Arm && Interventions

Group	Intervention	Description
Placebo plus ADT	Placebo	Participants will receive matching Placebo with ADT.
Placebo plus ADT	Androgen Deprivation Therapy (ADT)	Participants will receive matching Placebo with ADT.
Apalutamide plus ADT	Androgen Deprivation Therapy (ADT)	Participants will receive apalutamide 240 milligram (mg) (4X 60 mg tablets) with ADT.
Apalutamide plus ADT	Apalutamide	Participants will receive apalutamide 240 milligram (mg) (4X 60 mg tablets) with ADT.

Primary Outcome Measures

Name	Time	Method
Overall Survival (OS)	Up to 57 months	OS was defined as the time from date of randomization to date of death from any cause.
Radiographic Progression-free Survival (rPFS)	Up to 35 months	rPFS as assessed by the investigator was defined as the duration from the date of randomization to the date of first documentation of radiographic progressive disease or death due to any cause, whichever occurred first. Radiographic progressive disease was defined as progression of soft tissue lesions measured by computed tomography (CT) or magnetic resonance imaging (MRI) as defined by modified Response evaluation criteria in solid tumors (RECIST) 1.1.

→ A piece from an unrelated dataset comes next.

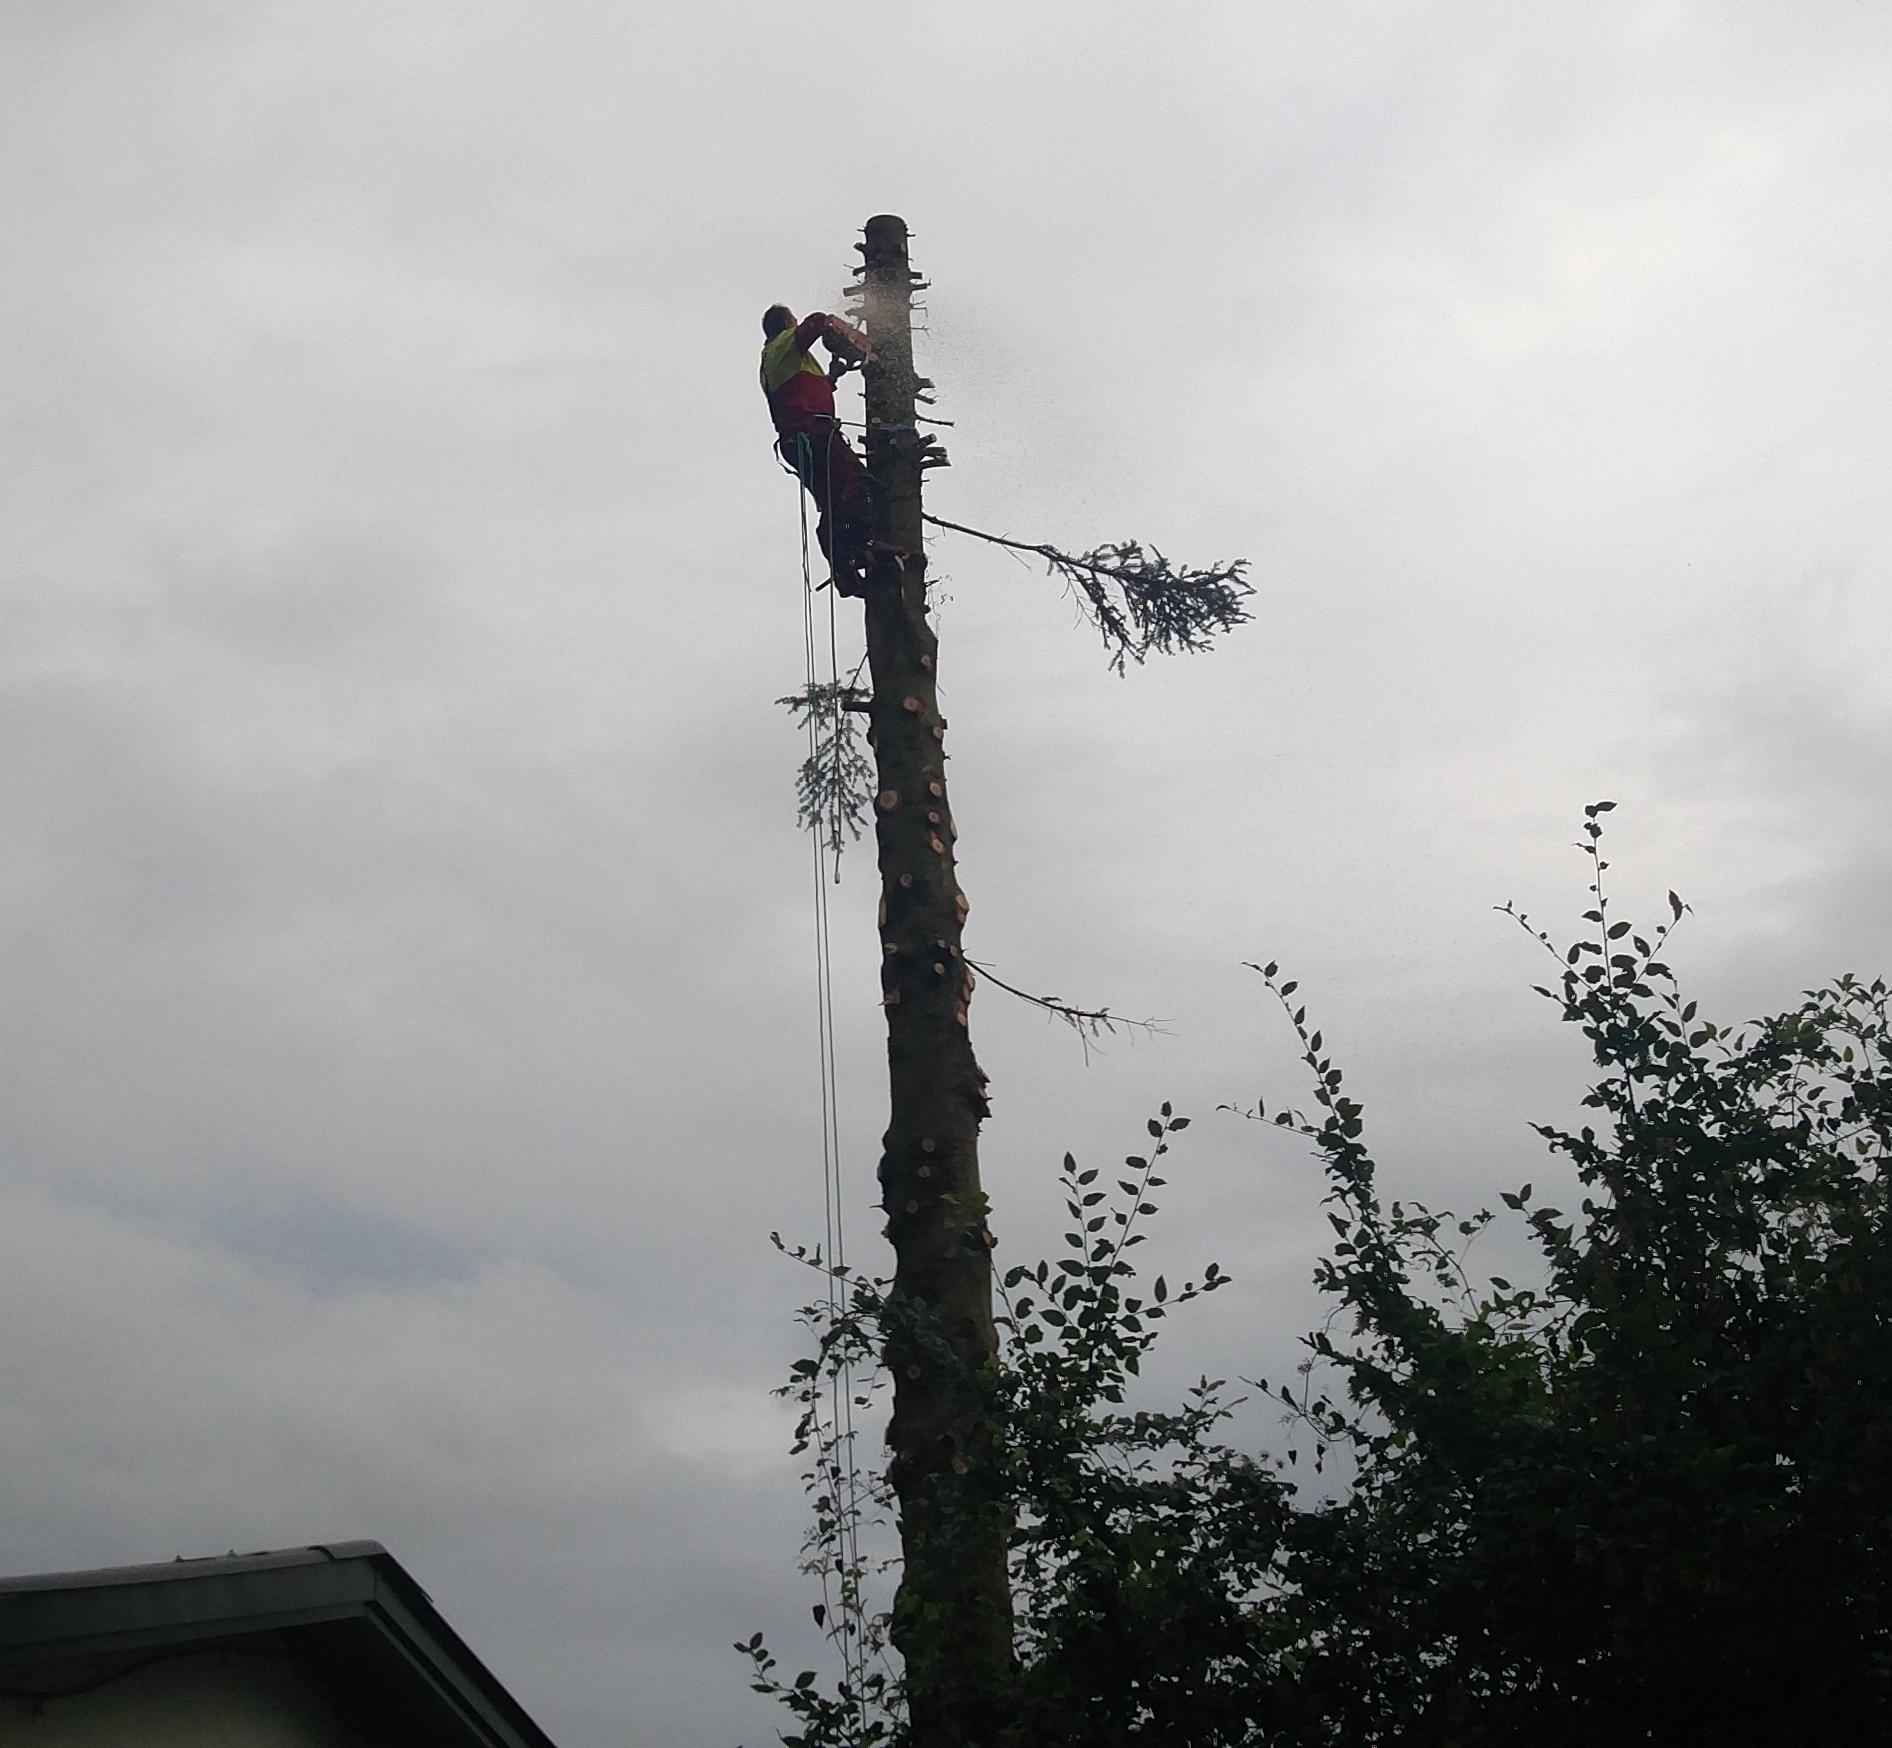 Bevorzugt Problembaumfällung Baum fällen | Wurzelstock fräsen Gartenarbeit TY18

Secondary Outcome Measures

Name	Time	Method
Time to Initiation of Cytotoxic Chemotherapy	Up to 57 months	Time to initiation of cytotoxic chemotherapy was defined as the time from date of randomization to the date of initiation of cytotoxic chemotherapy for prostate cancer.
Time to Chronic Opioid Use	Up to 57 months	Time to chronic opioid use was defined as the time from date of randomization to the first date of confirmed chronic opioid use. For participants entering the study without receiving opioids, chronic opioid use was defined as administration of opioid analgesics lasting for greater than or equal to (\>=) 3 weeks for oral or \>=7 days for non-oral formulations. For participants entering the study already receiving opioids, chronic opioid use was defined as a \>=30 percent (%) increase in total daily dose of the opioid analgesics lasting for \>= 3 weeks for oral or \>= 7 days for non-oral formulation.
Time to Skeletal-related Event (SRE)	Up to 57 months	Time to SRE was defined as the time from the date of randomization to the date of the first observation of an SRE. A SRE was defined as the occurrence of either a pathological fracture, or spinal cord compression, or radiation to bone, or surgery to bone.
Time to Pain Progression	Up to 57 months	Time to pain progression was defined as the time from the date of randomization to the date of the first observation of pain progression. Pain progression was defined as an average increase by 2 points from baseline to greater than (\>) 4 on the Brief Pain Inventory - Short Form (BPI-SF) worst pain intensity (item 3) with no decrease in opioids confirmed greater than equal to (\>=) 3 weeks apart or initiation of chronic opioids, whichever occurred first. BPI-SF is a self-administered questionnaire developed to assess severity of pain and impact of pain on daily functions. Item 3 (worst pain intensity) asks participants to rate worst pain in prior 7-days on a 0-10 numeric rating scale, where "0" indicates "No pain" and "10" indicates "Pain as bad as you can imagine." A lower score is better.